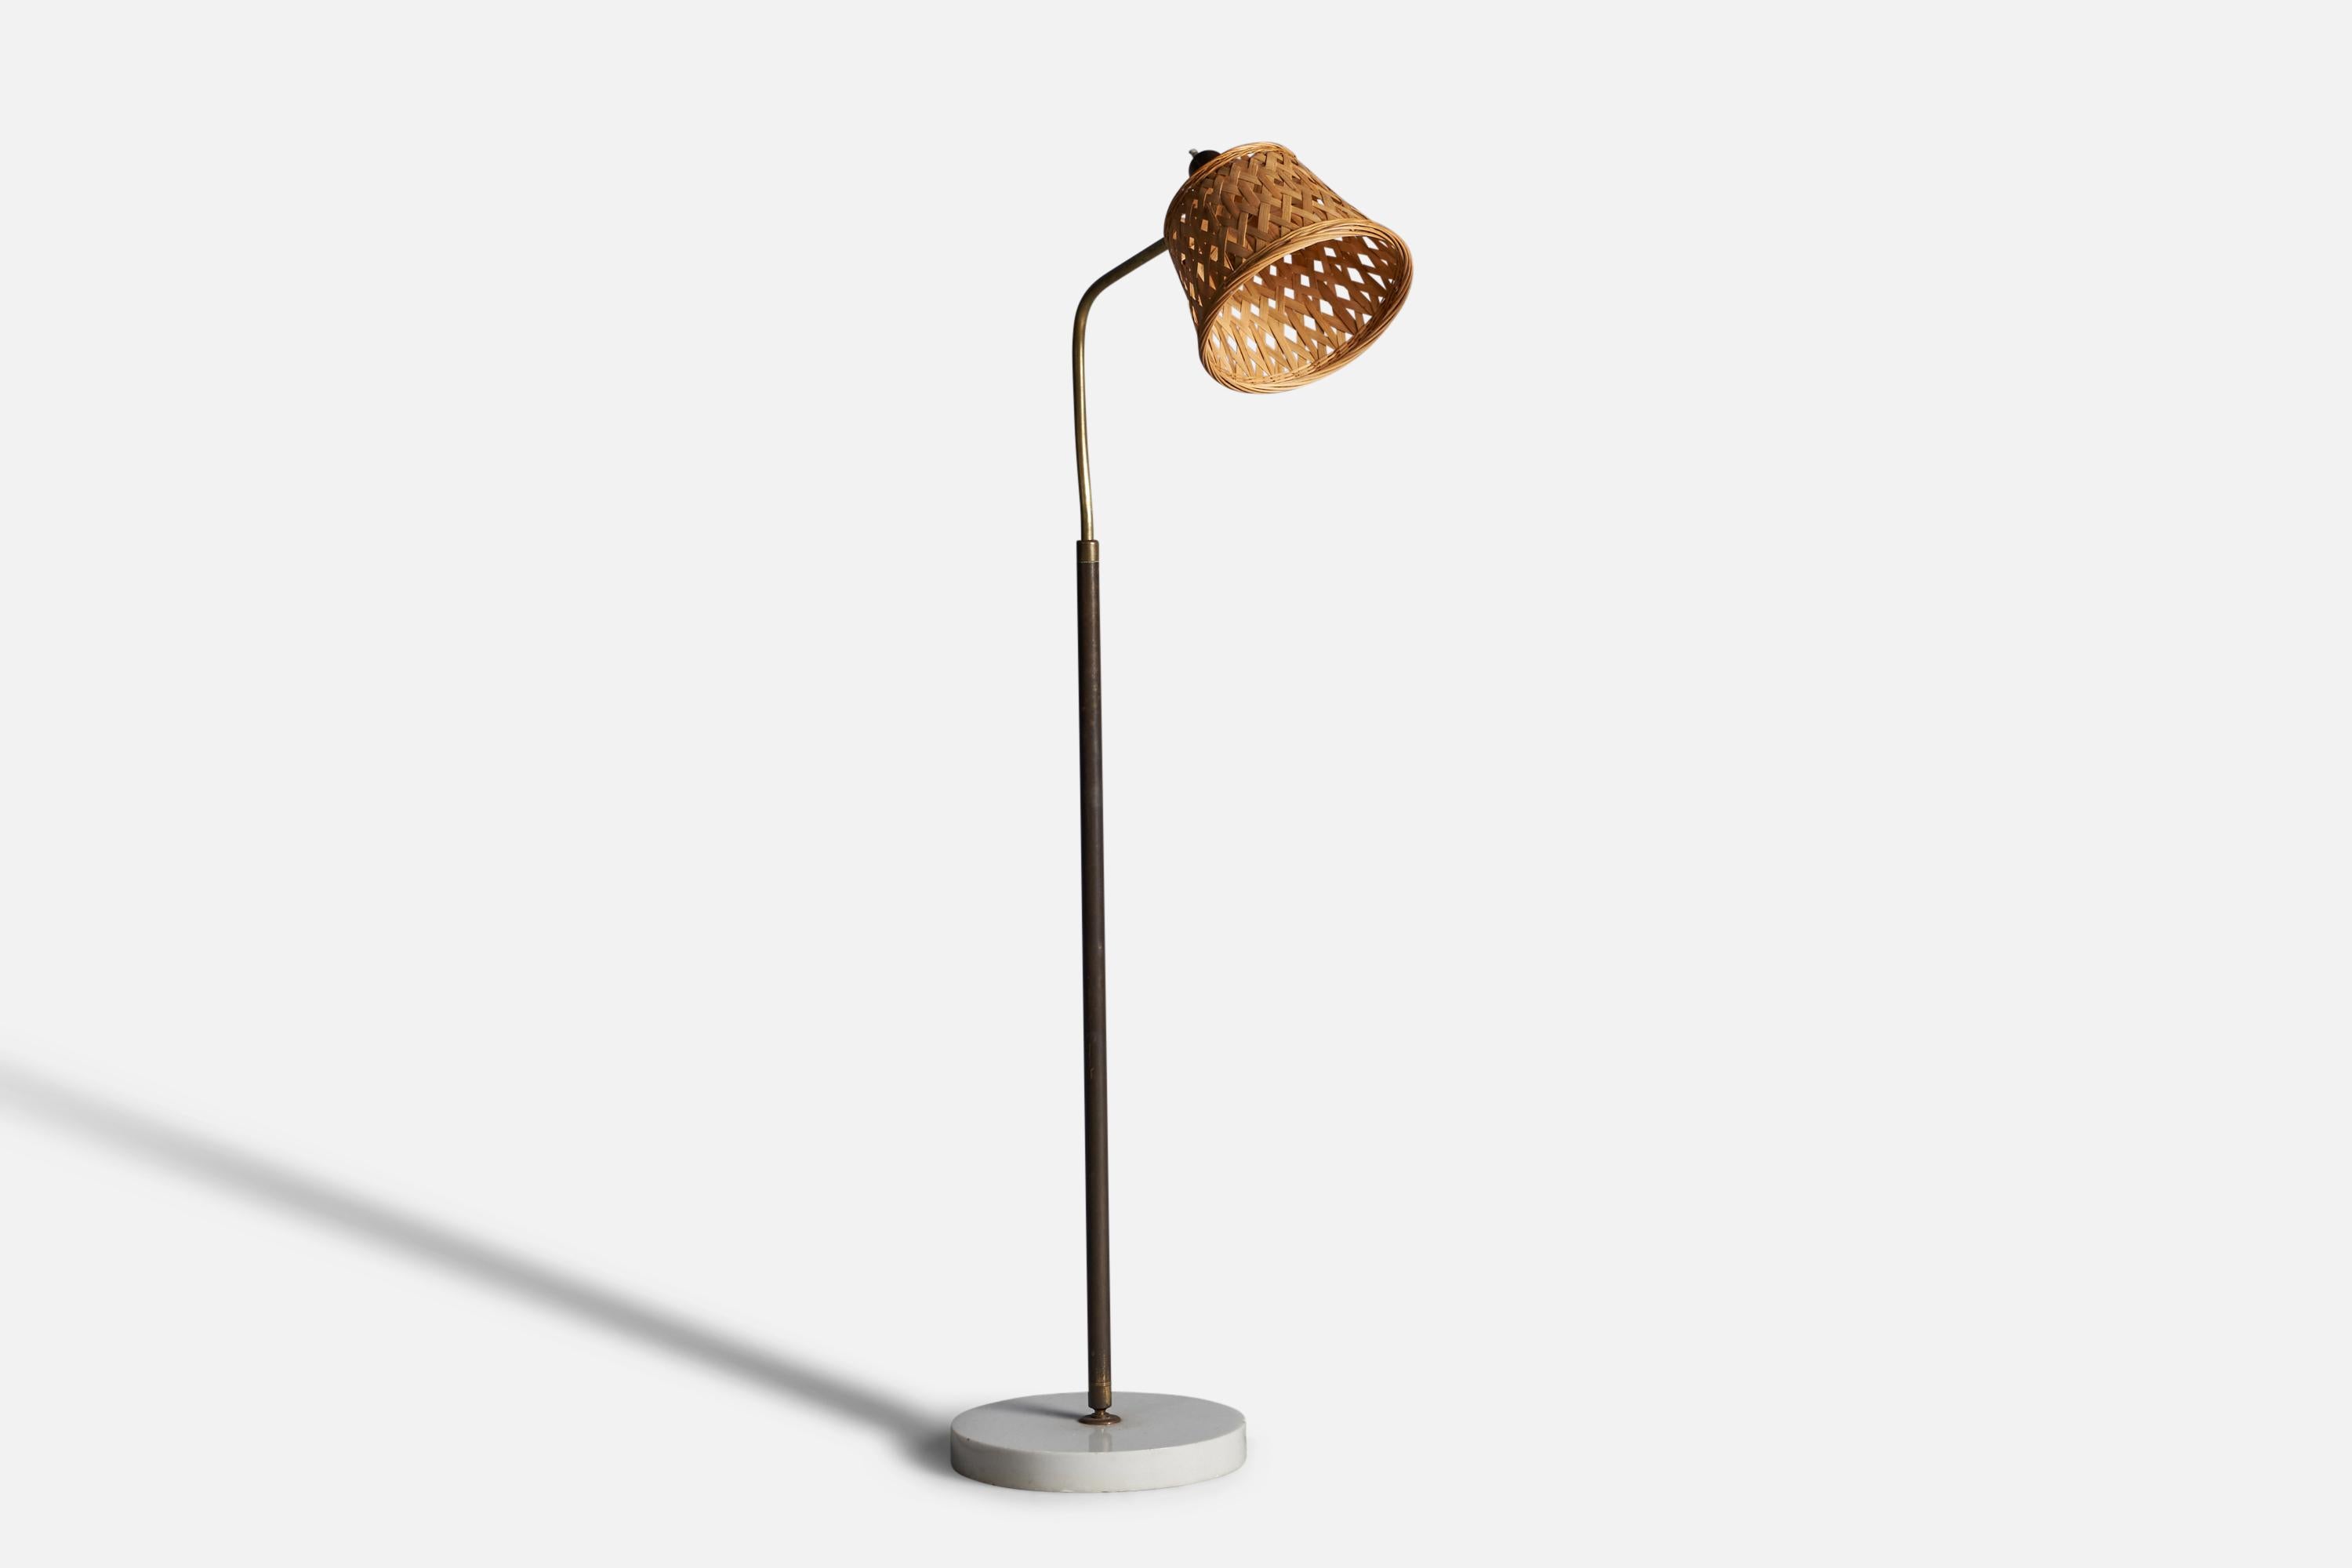 Eine verstellbare Stehlampe aus Messing, Marmor und Rattan, entworfen von Giuseppe Ostuni, hergestellt von O-Luce, Italien, 1950er Jahre.

Gesamtabmessungen: 51
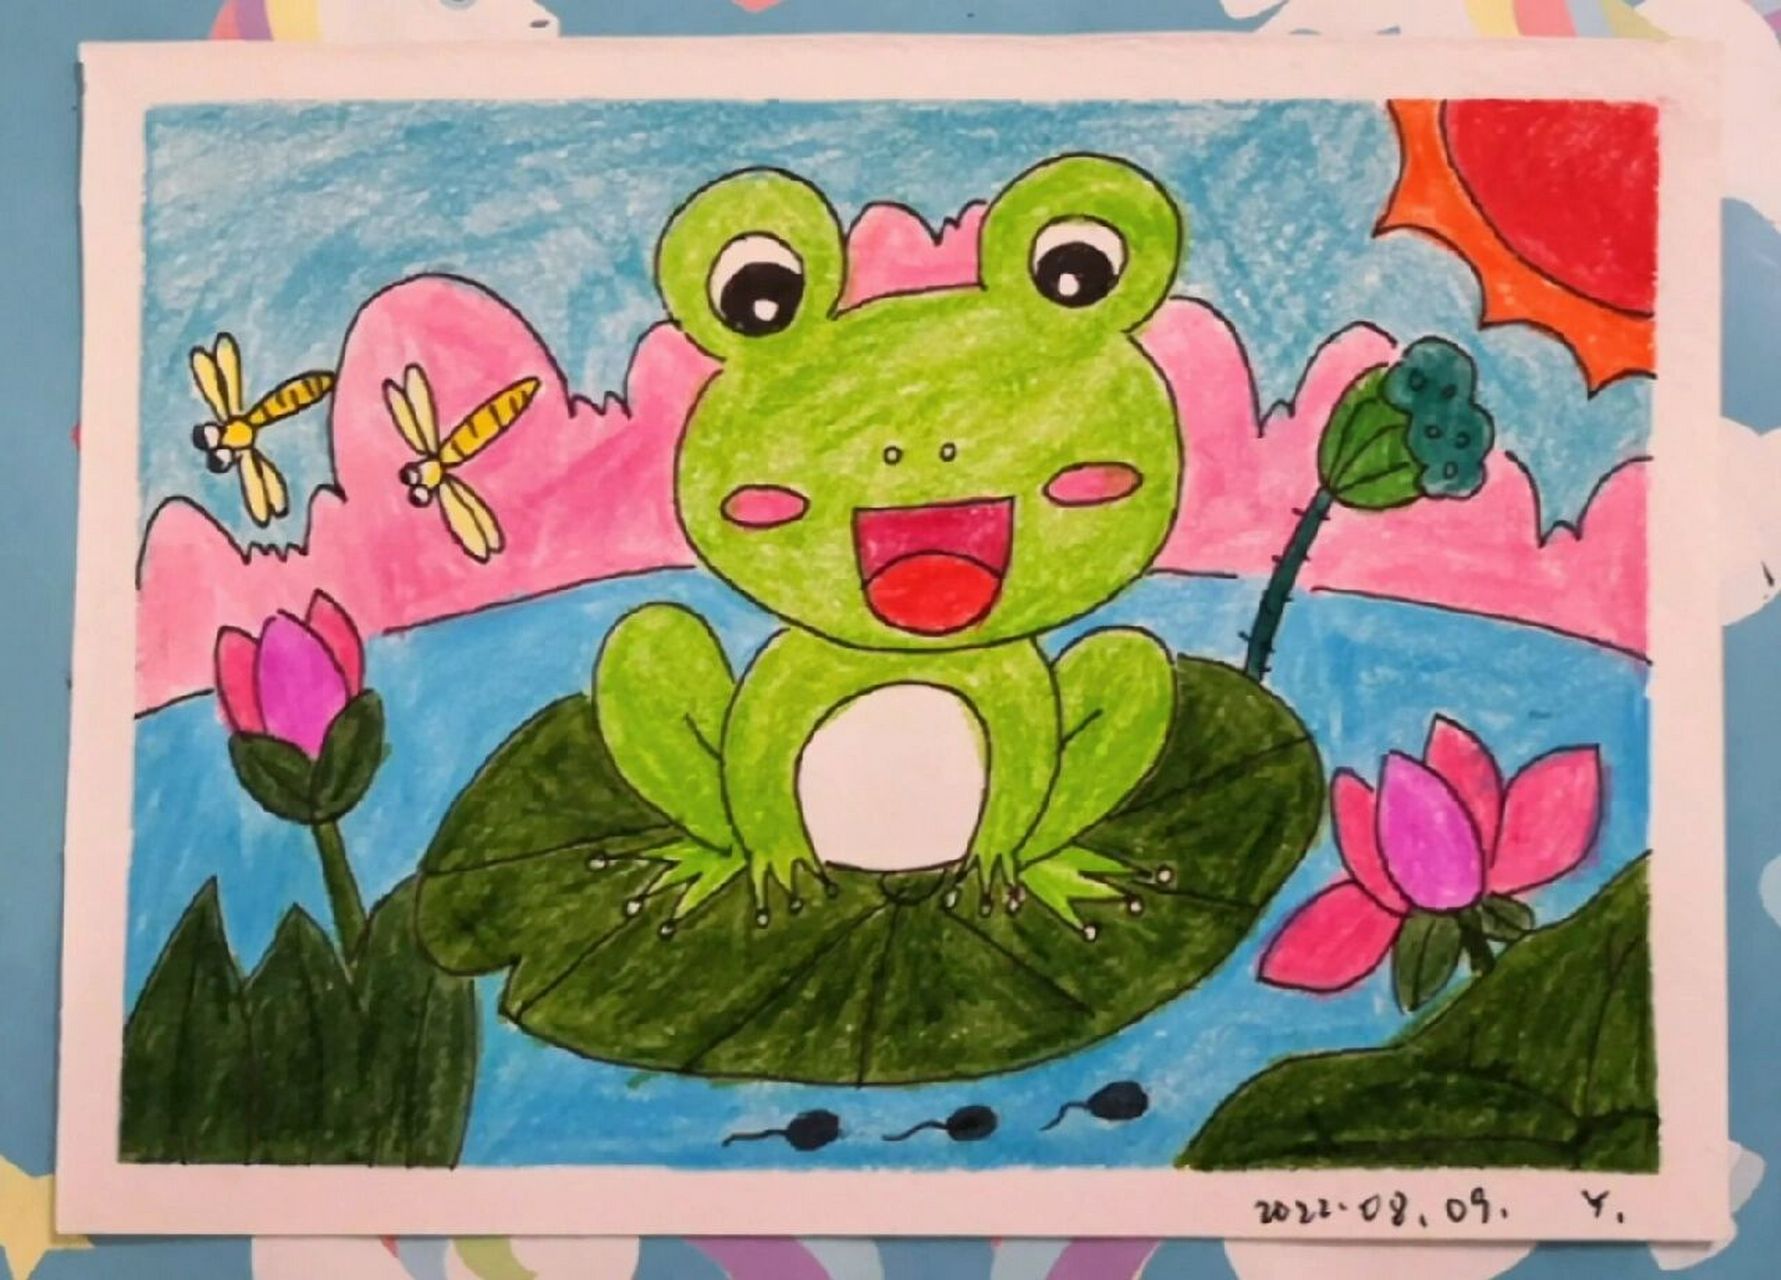 青蛙荷叶简笔画彩色图片
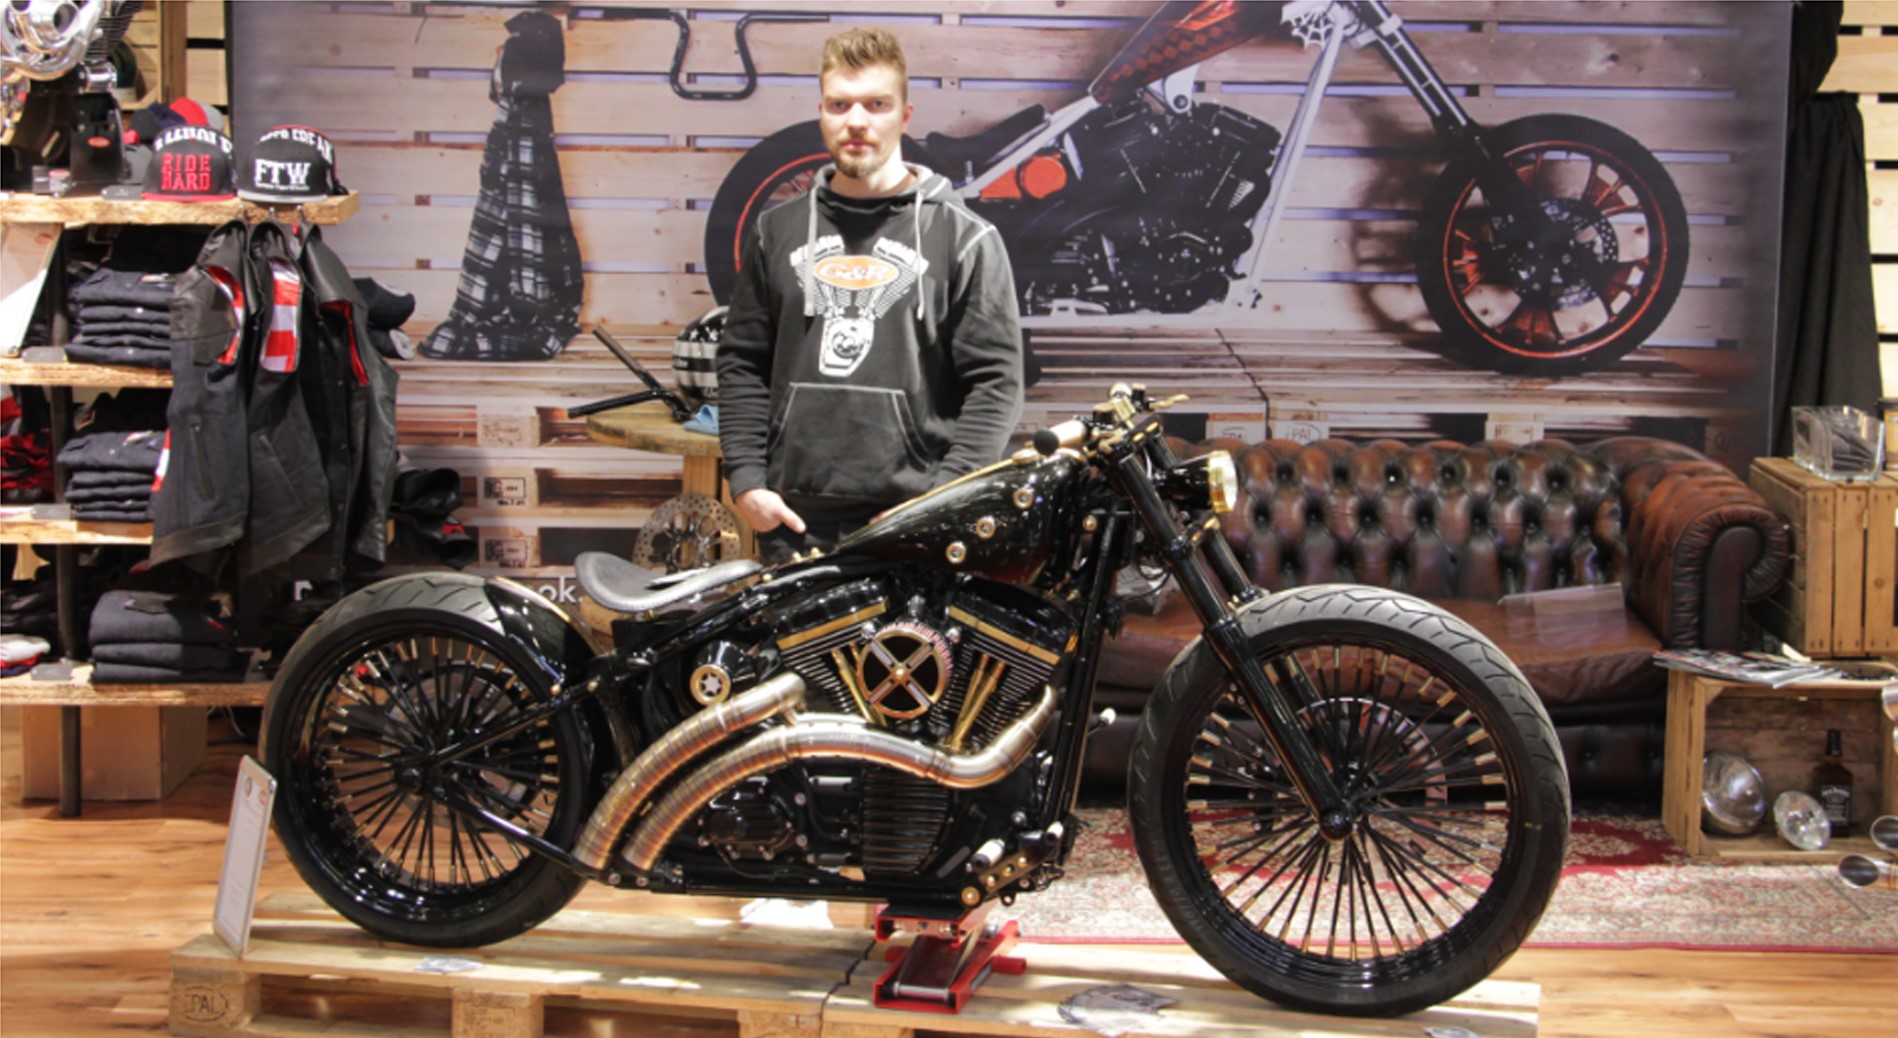 Harley Davidson in der G&R Motorrad Werkstatt in Braunatal
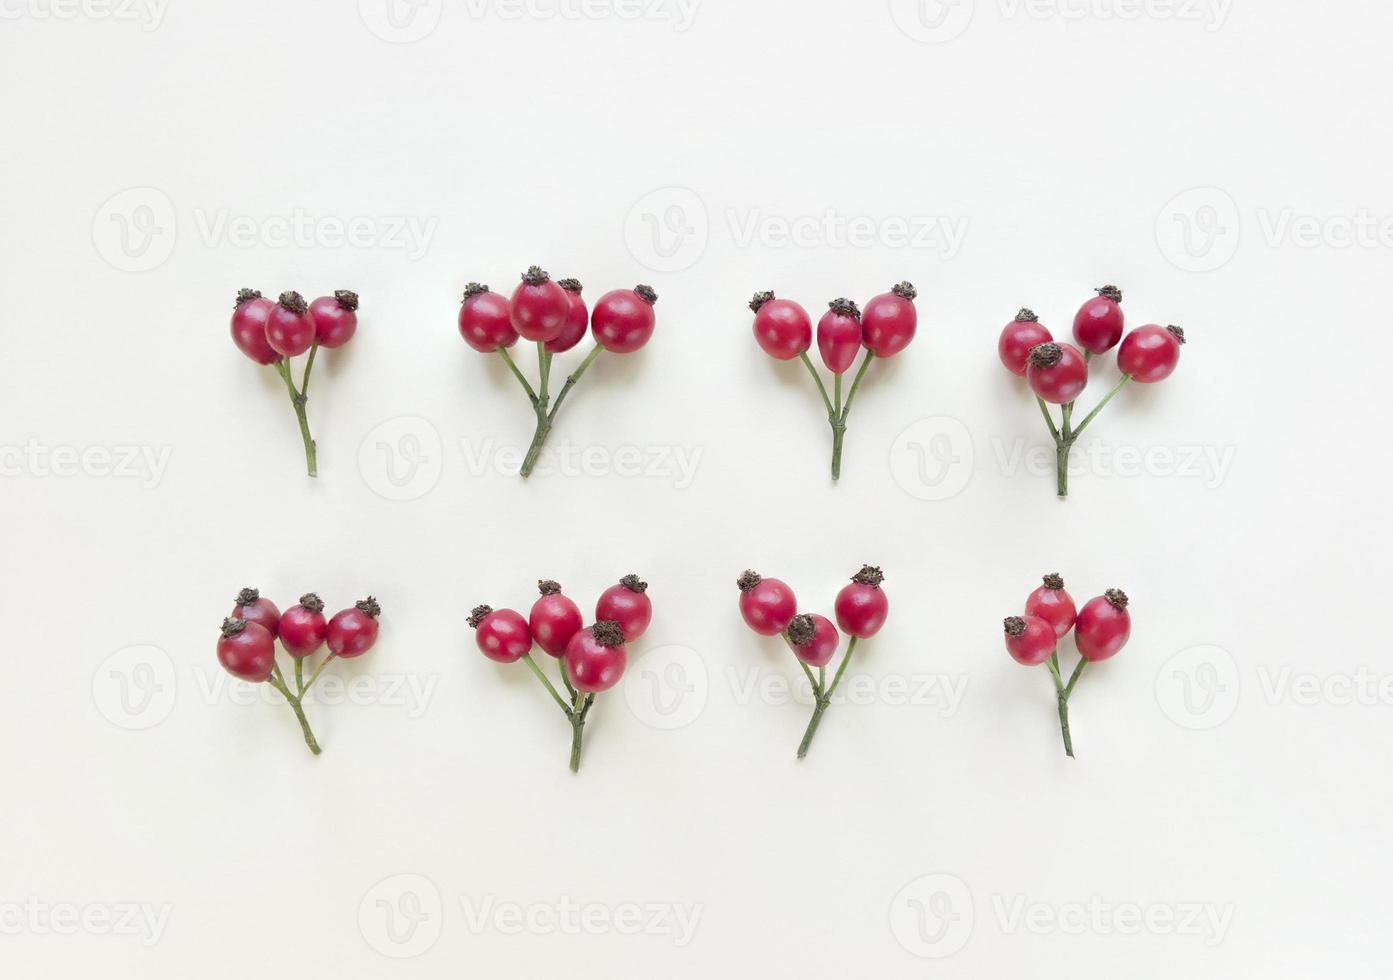 rozenbottels takken op een beige achtergrond symmetrie plat leggen foto

^^^^^^^^^^^^^^^^

- **Required action**
Output only these lines, word for word: the line containing "Harley Davidson in" and every line after it through the last line of the data. Omit the pictures.

- **Exercise answer**
 Harley Davidson in der G&R Motorrad Werkstatt in Braunatal
 rozenbottels takken op een beige achtergrond symmetrie plat leggen foto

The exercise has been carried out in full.